Abstract
242443
Introduction: The phase III VISION trial demonstrated that 177Lu-PSMA-617 (PSMA-RLT) prolonged overall survival in patients with metastatic castration-resistant prostate cancer (mCRPC). Common side effects of PSMA-RLT include xerostomia, bone pain, and myelosuppression. The Brief Pain Inventory (BPI) and Functional Assessment of Cancer Therapy-Prostate (FACT-P) scores have also been previously validated for pain response and health-related quality of life analysis in mCRPC patients. The objective of this project is to evaluate the role of baseline PSMA PET/CT (bPET) in predicting hematologic toxicity and patient-reported outcomes in mCRPC patients undergoing PSMA-RLT.
Methods: Patients enrolled in the Expanded Access Program for PSMA-RLT at UCLA (NCT: 04825652) with available bPET, toxicity data, and patient-reported outcomes (BPI, FACT-P, and Xerostomia Questionnaire) were included in this retrospective analysis.
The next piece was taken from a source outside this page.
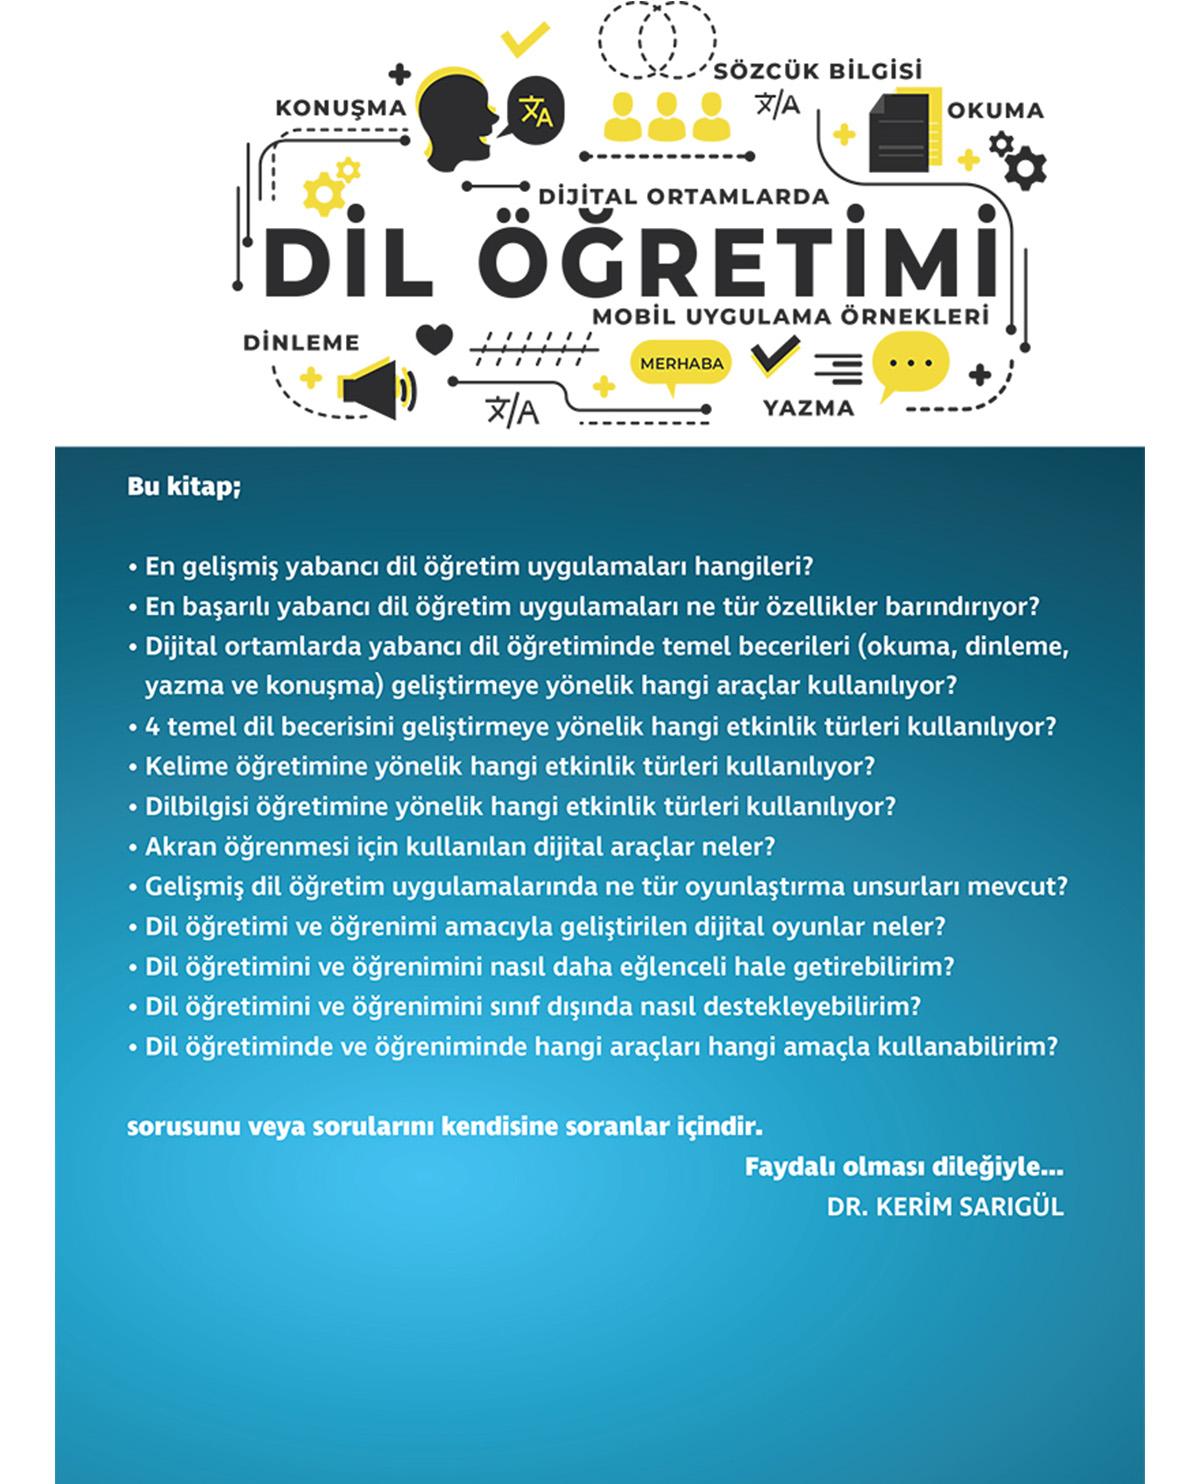 Dijital Ortamlarda Dil Öğretimi - Mobil Uygulama Örnekleri
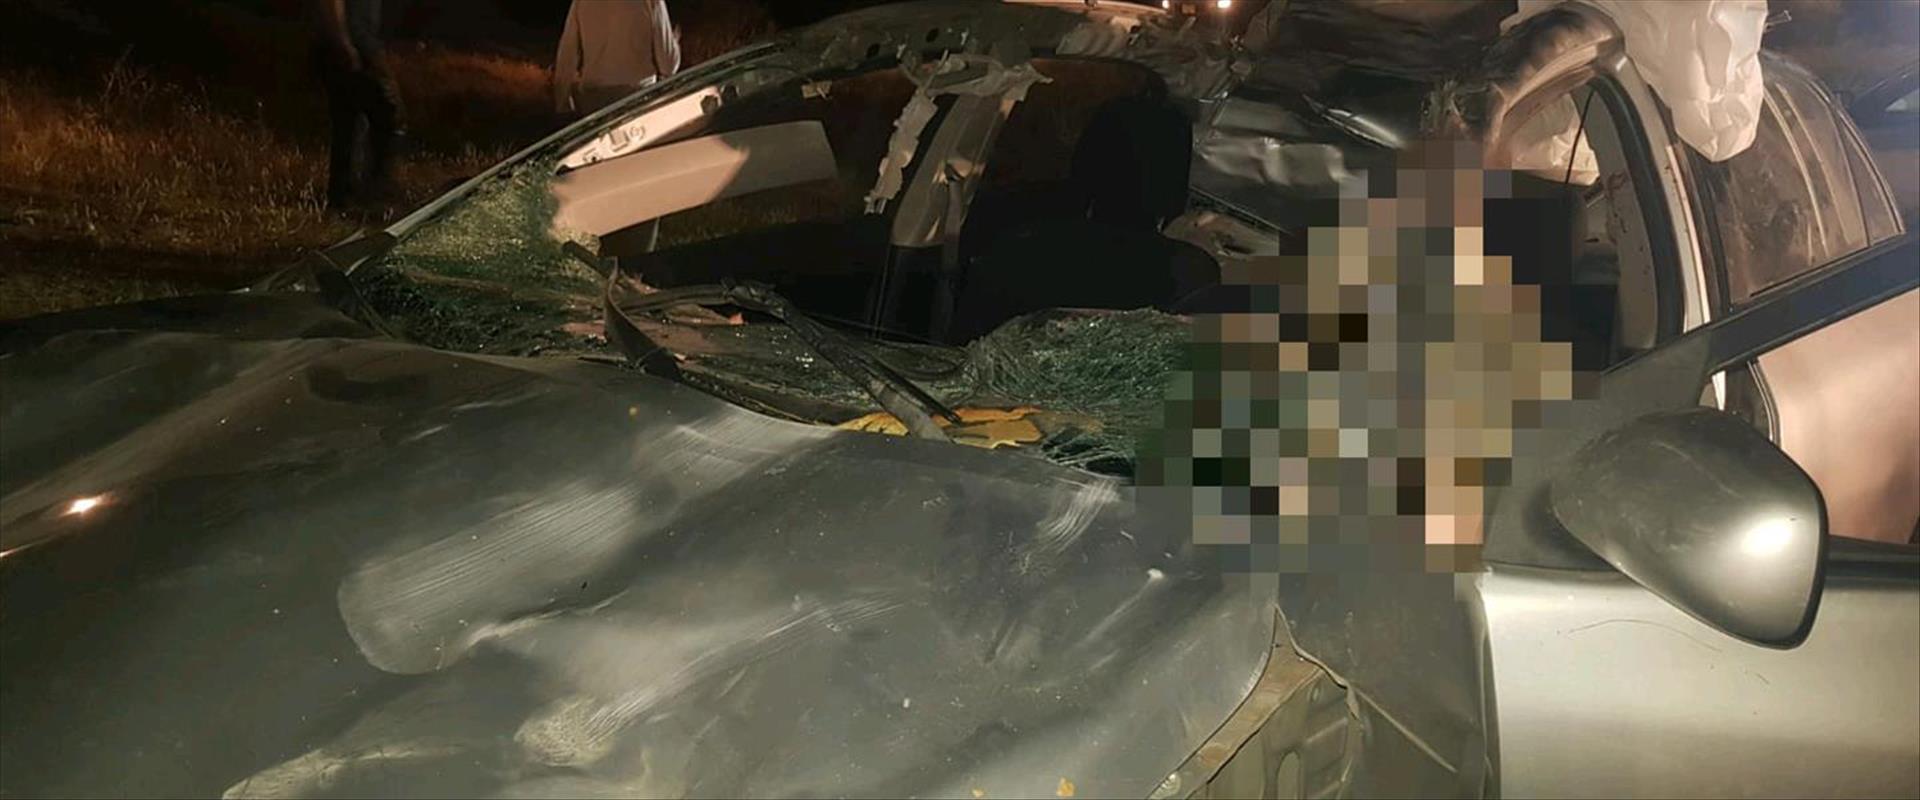 התאונה בכביש 222 בנגב

TRAQinform IQ technology (AIQ Solutions-Madison, WI) was used to conduct region of interest (ROI)-based analyses at bPET, and SUVmean and volume (cm3) across all lesion-ROI across the whole-body, the skeleton outside lesion-ROI, and salivary glands were extracted. Cox regression models were used to evaluate the following associations:
• Whole-body tumor volume and SUVmean with time to worsening of FACT-P scores (defined as a decrease of >10 points from baseline) and time to first occurrence of Grade 3 or 4 hematologic toxicity (by CTCAE)
• Skeleton volume and SUVmean with time to worsening of BPI Pain Severity and Pain Interference scores (defined as a 30% increase or at least 2 points from baseline) and time to first occurrence of Grade 3 or 4 hematologic toxicity
A mixed-effect linear regression model was also used to evaluate the associations between salivary gland volume and SUVmean with Xerostomia Questionnaire scores (scores ranged from 11 to 33, with higher scores indicating increased salivary gland toxicity).
Results: 61 mCRPC patients were included. In univariate Cox regression models, skeletal volume and whole-body SUVmean were associated with a longer time to first occurrence of Grade 3 or 4 hematologic toxicity (HR = 0.95, p = 0.021; HR = 0.75, p = 0.004 respectively), while whole-body tumor volume was associated with a shorter time to first occurrence (HR = 1.07, p = 0.001). In multivariate Cox regression models evaluating associations between skeleton volume and SUVmean with time to worsening of BPI Pain Interference scores, the time since diagnosis was associated with a longer time to worsening (HR = 0.85, p = 0.01; HR = 0.86, p = 0.011 respectively). In multivariate Cox regression models evaluating associations between skeleton and whole-body SUVmean with time to first occurrence of Grade 3 or 4 hematologic toxicity, baseline hemoglobin was associated with a longer time to first occurrence (HR = 0.61, p = 0.005; HR = 0.62, p = 0.007 respectively). In a mixed-effect linear regression evaluating associations between salivary gland SUVmean and volume with Xerostomia Questionnaire scores, the number of cycles was associated with higher scores (mean estimate: 0.68, p = 0.002, mean estimate: 0.68, p = 0.001 respectively). In multivariate Cox regression models evaluating associations between whole-body SUVmean with time to worsening of FACT-P scores, whole-body SUVmean was associated with a longer time to worsening (HR = 0.74, p = 0.033), while time since diagnosis was associated with a shorter time to worsening (HR = 1.09, p = 0.047). Table 1 summarizes the results of the multivariate analyses.
Conclusions: In this retrospective analysis of 61 mCRPC patients treated with PSMA-RLT, whole-body SUVmean was associated with a longer time to worsening of FACT-P scores in a multivariate Cox regression model, although bPET parameters were generally not predictive of hematologic toxicity or patient-reported outcomes in other multivariate analyses. Validation in a larger, prospective, multicenter cohort is warranted.